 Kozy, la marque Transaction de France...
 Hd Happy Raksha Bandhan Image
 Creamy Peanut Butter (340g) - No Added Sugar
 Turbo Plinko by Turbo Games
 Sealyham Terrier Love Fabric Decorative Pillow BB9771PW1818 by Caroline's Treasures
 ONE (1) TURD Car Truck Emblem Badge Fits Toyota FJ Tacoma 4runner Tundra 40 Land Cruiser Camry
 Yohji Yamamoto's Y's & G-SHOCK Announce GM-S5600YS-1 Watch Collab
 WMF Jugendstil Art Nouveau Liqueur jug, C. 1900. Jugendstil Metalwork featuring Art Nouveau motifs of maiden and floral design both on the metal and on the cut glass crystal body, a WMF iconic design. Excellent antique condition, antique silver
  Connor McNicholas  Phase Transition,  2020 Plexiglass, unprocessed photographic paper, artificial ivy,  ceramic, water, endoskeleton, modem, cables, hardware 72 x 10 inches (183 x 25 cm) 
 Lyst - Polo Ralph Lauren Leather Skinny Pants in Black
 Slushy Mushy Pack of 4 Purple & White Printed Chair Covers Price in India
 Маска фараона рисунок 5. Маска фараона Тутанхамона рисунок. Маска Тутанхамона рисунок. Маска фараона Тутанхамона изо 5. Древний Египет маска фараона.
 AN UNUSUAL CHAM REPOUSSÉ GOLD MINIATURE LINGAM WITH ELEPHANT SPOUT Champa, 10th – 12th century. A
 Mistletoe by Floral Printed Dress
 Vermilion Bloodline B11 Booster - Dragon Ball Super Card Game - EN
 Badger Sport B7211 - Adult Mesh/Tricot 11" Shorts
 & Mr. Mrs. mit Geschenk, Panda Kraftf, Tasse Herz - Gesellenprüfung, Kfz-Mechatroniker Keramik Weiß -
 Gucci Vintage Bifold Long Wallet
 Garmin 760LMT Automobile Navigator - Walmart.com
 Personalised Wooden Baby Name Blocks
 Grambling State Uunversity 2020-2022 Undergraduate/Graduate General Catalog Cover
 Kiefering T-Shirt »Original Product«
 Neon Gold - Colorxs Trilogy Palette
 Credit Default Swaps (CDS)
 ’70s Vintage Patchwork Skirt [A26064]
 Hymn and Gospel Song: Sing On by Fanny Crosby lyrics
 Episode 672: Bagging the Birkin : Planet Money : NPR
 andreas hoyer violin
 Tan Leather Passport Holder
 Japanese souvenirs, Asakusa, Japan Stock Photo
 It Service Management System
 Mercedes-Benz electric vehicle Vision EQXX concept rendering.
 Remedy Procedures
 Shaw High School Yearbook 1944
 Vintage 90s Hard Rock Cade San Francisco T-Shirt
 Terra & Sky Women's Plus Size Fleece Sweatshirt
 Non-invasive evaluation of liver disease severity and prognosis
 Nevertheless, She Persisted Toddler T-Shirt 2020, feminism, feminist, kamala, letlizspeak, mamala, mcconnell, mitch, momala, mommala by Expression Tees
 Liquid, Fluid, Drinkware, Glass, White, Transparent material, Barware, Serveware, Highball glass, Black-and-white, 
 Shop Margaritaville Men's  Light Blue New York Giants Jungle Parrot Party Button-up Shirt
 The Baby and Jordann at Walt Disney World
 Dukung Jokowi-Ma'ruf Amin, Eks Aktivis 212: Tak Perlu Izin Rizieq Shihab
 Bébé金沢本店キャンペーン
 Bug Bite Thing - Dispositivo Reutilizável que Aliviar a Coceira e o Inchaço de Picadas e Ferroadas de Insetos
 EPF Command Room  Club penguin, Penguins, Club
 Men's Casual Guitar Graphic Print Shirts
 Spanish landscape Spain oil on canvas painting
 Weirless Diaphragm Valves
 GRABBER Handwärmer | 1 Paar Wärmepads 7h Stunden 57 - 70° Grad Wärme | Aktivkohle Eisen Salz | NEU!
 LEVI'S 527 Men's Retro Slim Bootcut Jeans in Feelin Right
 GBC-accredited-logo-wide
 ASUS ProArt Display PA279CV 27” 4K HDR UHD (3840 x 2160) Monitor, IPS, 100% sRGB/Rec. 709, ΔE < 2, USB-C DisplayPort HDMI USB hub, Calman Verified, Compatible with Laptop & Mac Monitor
- - - - -
_WHAT YOU ARE ASKED TO DO_
Your output must contain exactly the lines from the one containing "The Baby and Jordann at Walt Disney World" to the final line of the data above, and no other text.

_ANSWER BOX_
 The Baby and Jordann at Walt Disney World
 Dukung Jokowi-Ma'ruf Amin, Eks Aktivis 212: Tak Perlu Izin Rizieq Shihab
 Bébé金沢本店キャンペーン
 Bug Bite Thing - Dispositivo Reutilizável que Aliviar a Coceira e o Inchaço de Picadas e Ferroadas de Insetos
 EPF Command Room  Club penguin, Penguins, Club
 Men's Casual Guitar Graphic Print Shirts
 Spanish landscape Spain oil on canvas painting
 Weirless Diaphragm Valves
 GRABBER Handwärmer | 1 Paar Wärmepads 7h Stunden 57 - 70° Grad Wärme | Aktivkohle Eisen Salz | NEU!
 LEVI'S 527 Men's Retro Slim Bootcut Jeans in Feelin Right
 GBC-accredited-logo-wide
 ASUS ProArt Display PA279CV 27” 4K HDR UHD (3840 x 2160) Monitor, IPS, 100% sRGB/Rec. 709, ΔE < 2, USB-C DisplayPort HDMI USB hub, Calman Verified, Compatible with Laptop & Mac Monitor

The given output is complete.